* SOURCE MATERIAL

-- -- --

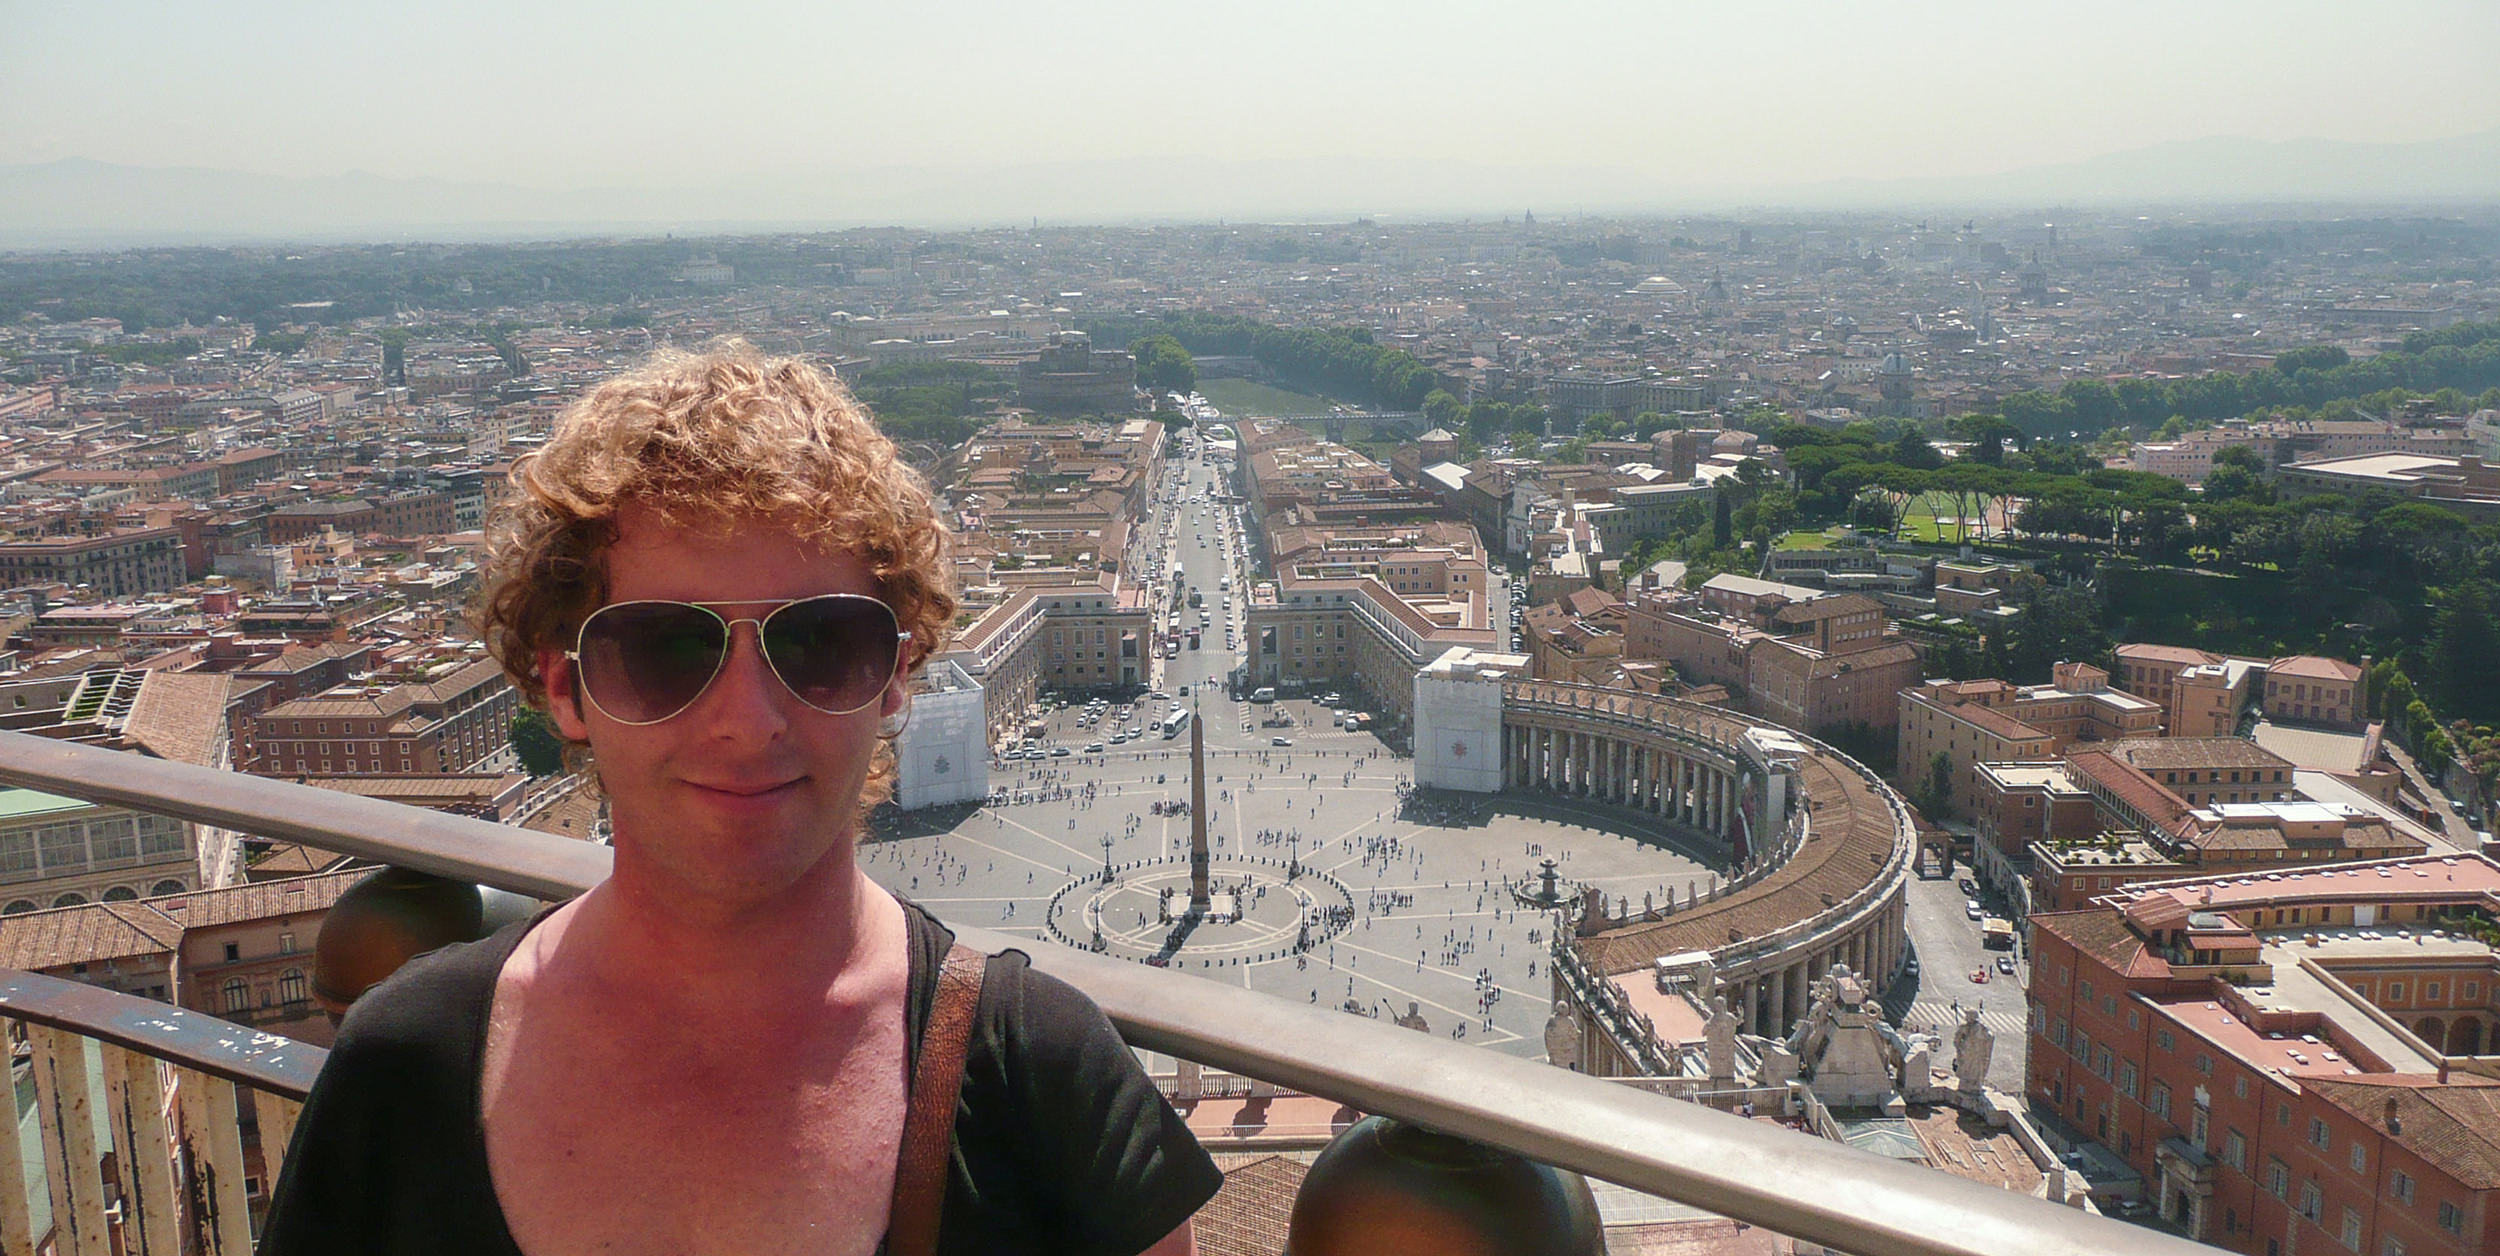 Ben standing on the Vatican roof with views of Rome
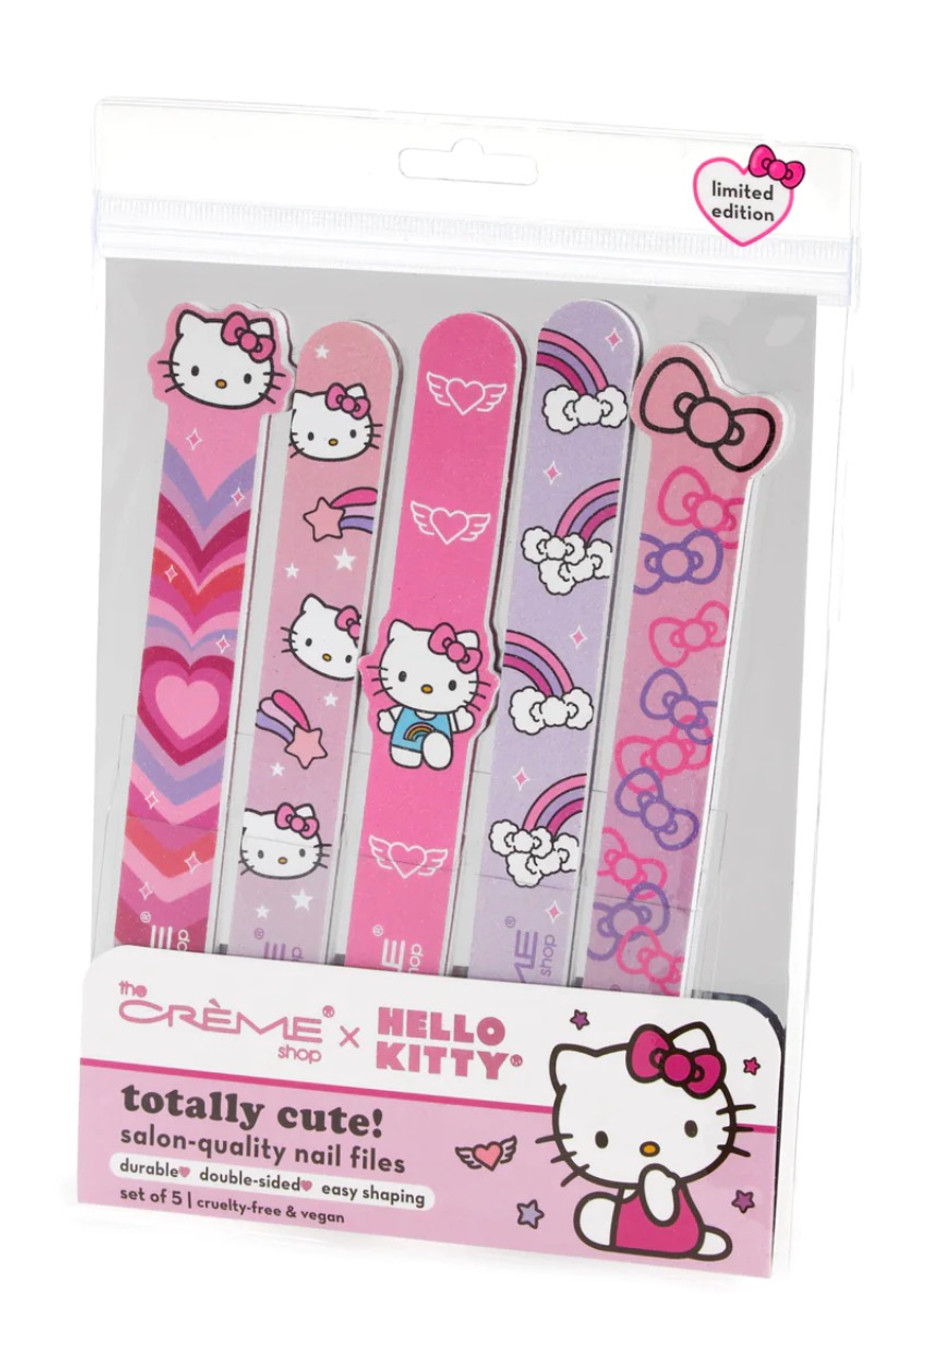 THE CREME SHOP x Hello Kitty Totally Cute! Nail Files (Set of 5)
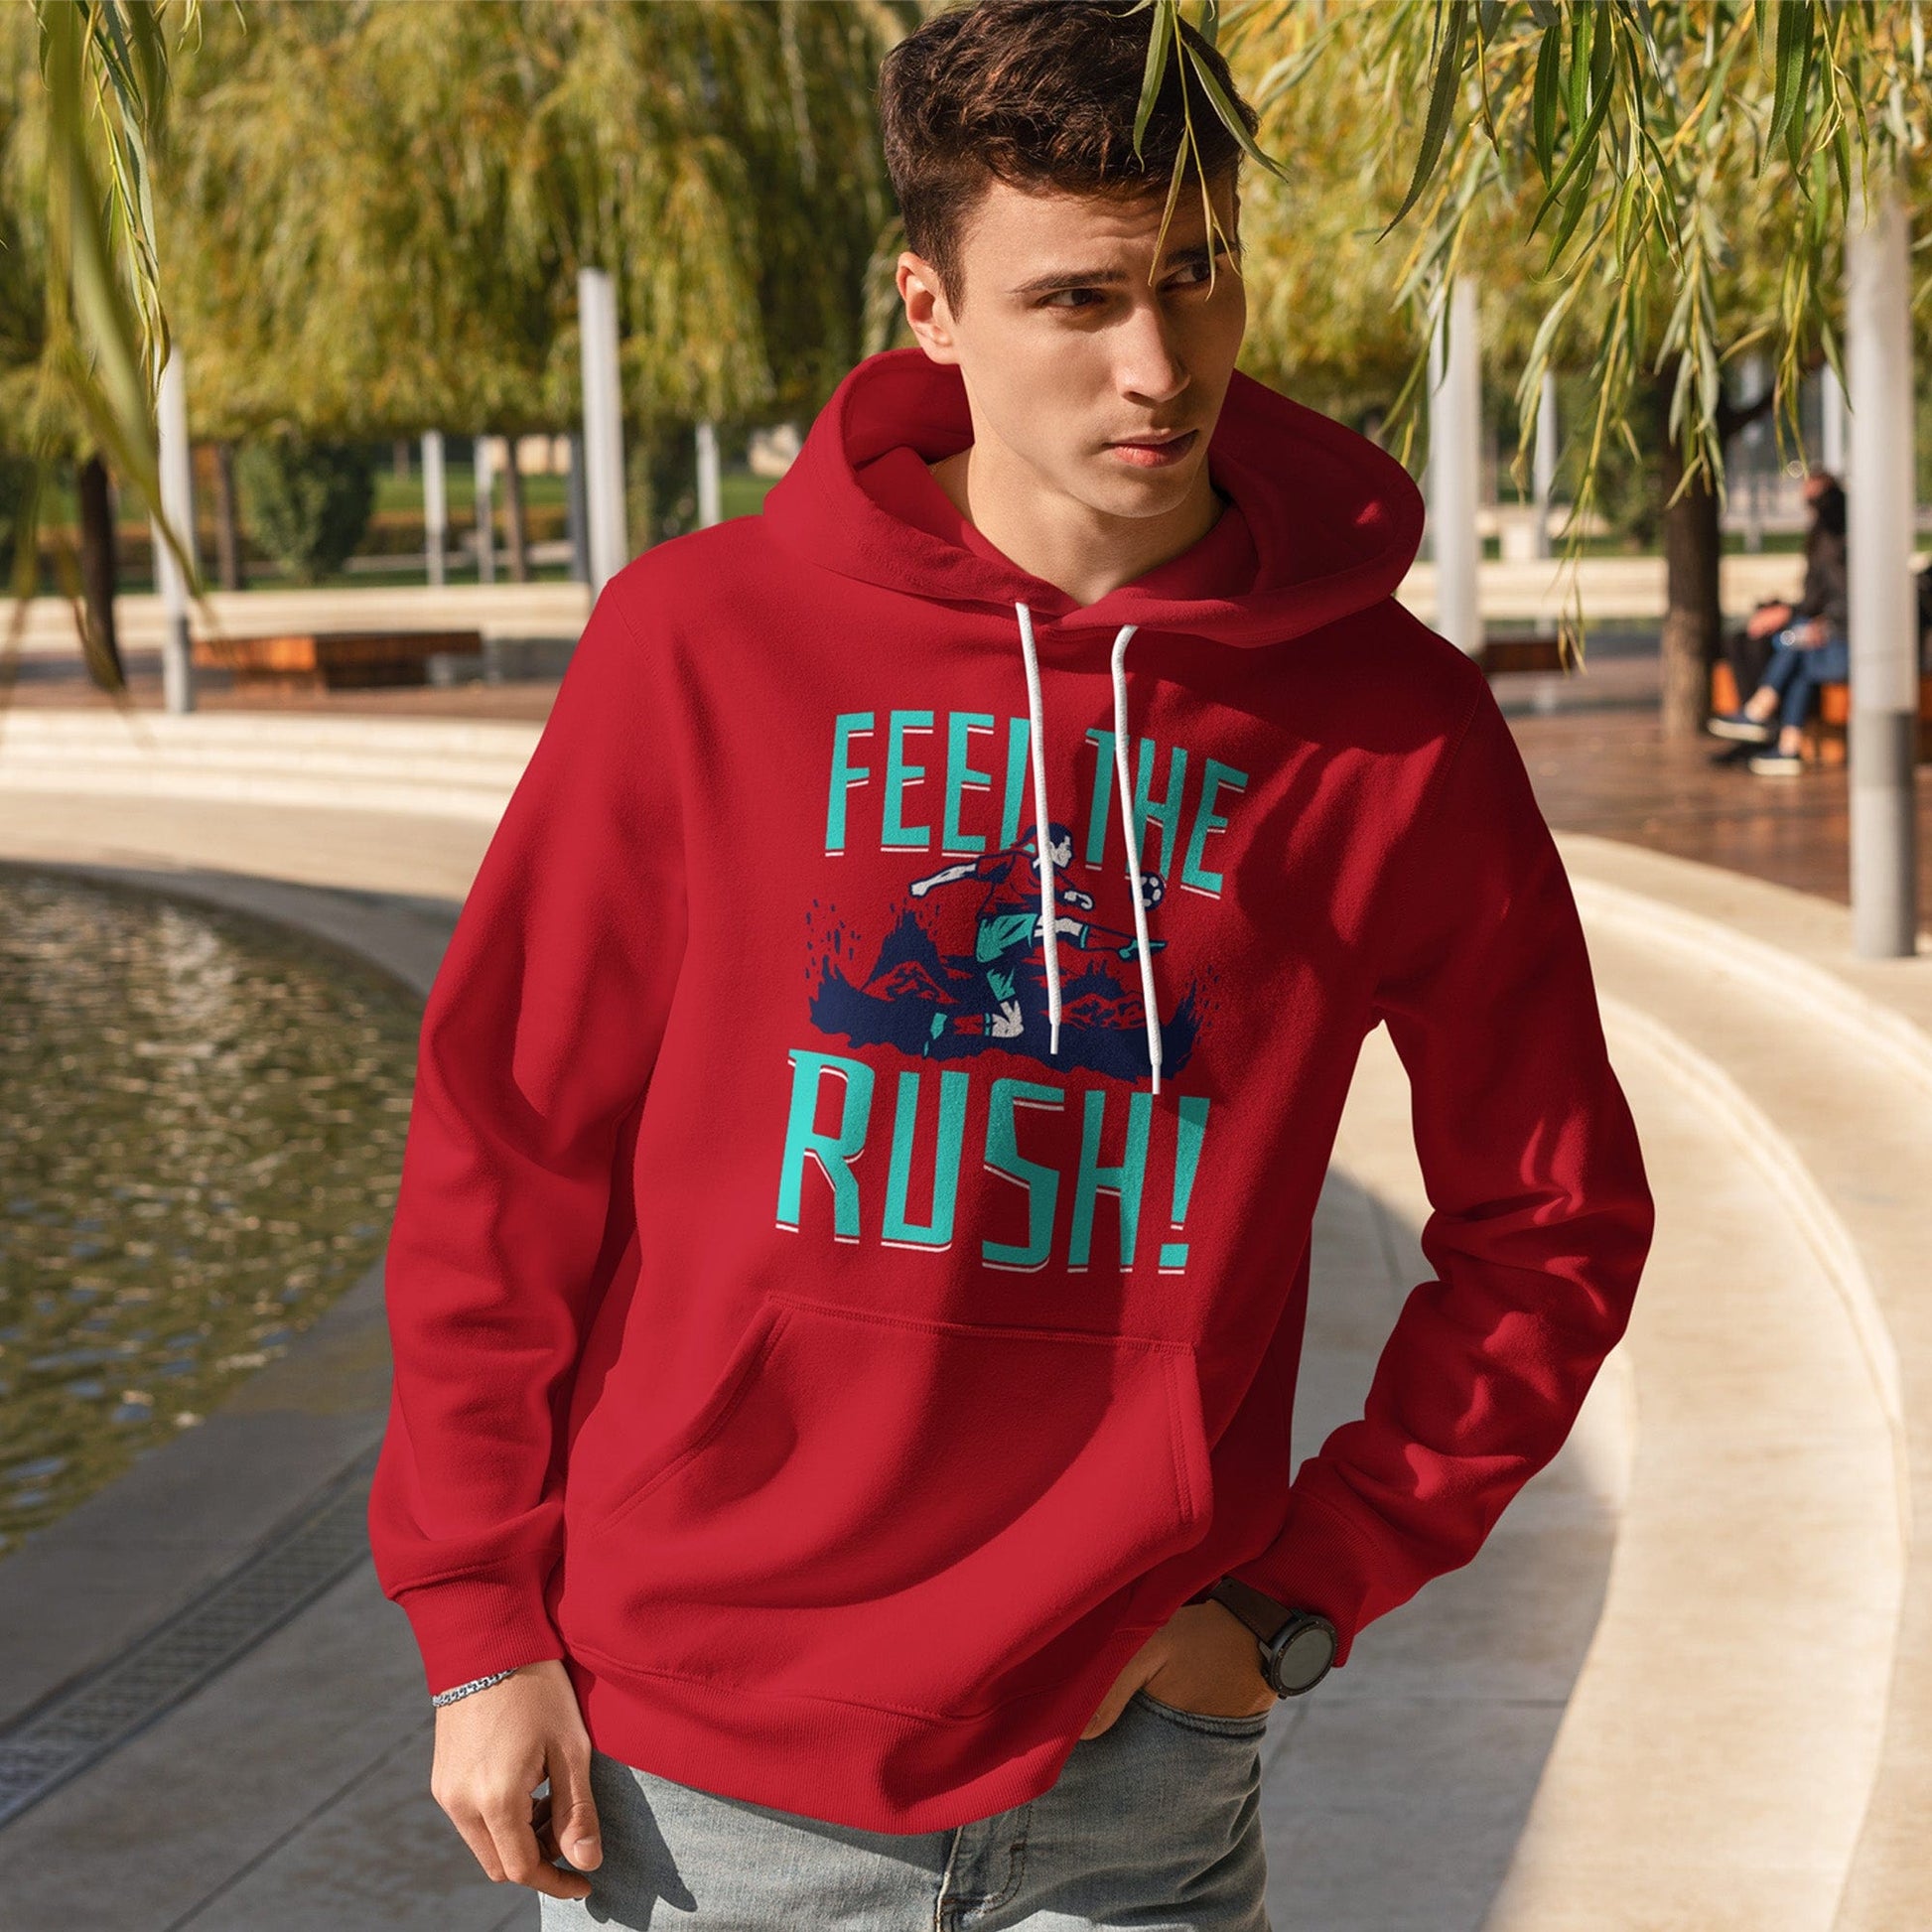 KC Swag Kansas City Current FEEL THE RUSH on red fleece pullover hoodie worn by male model near water in a public park

-- -- --

* THE PROBLEM
Copy the preceding data in full and word for word, dropping its pictures.

* OUTPUT OF THE TASK
 Ben standing on the Vatican roof with views of Rome
 THE CREME SHOP x Hello Kitty Totally Cute! Nail Files (Set of 5)
 KC Swag Kansas City Current FEEL THE RUSH on red fleece pullover hoodie worn by male model near water in a public park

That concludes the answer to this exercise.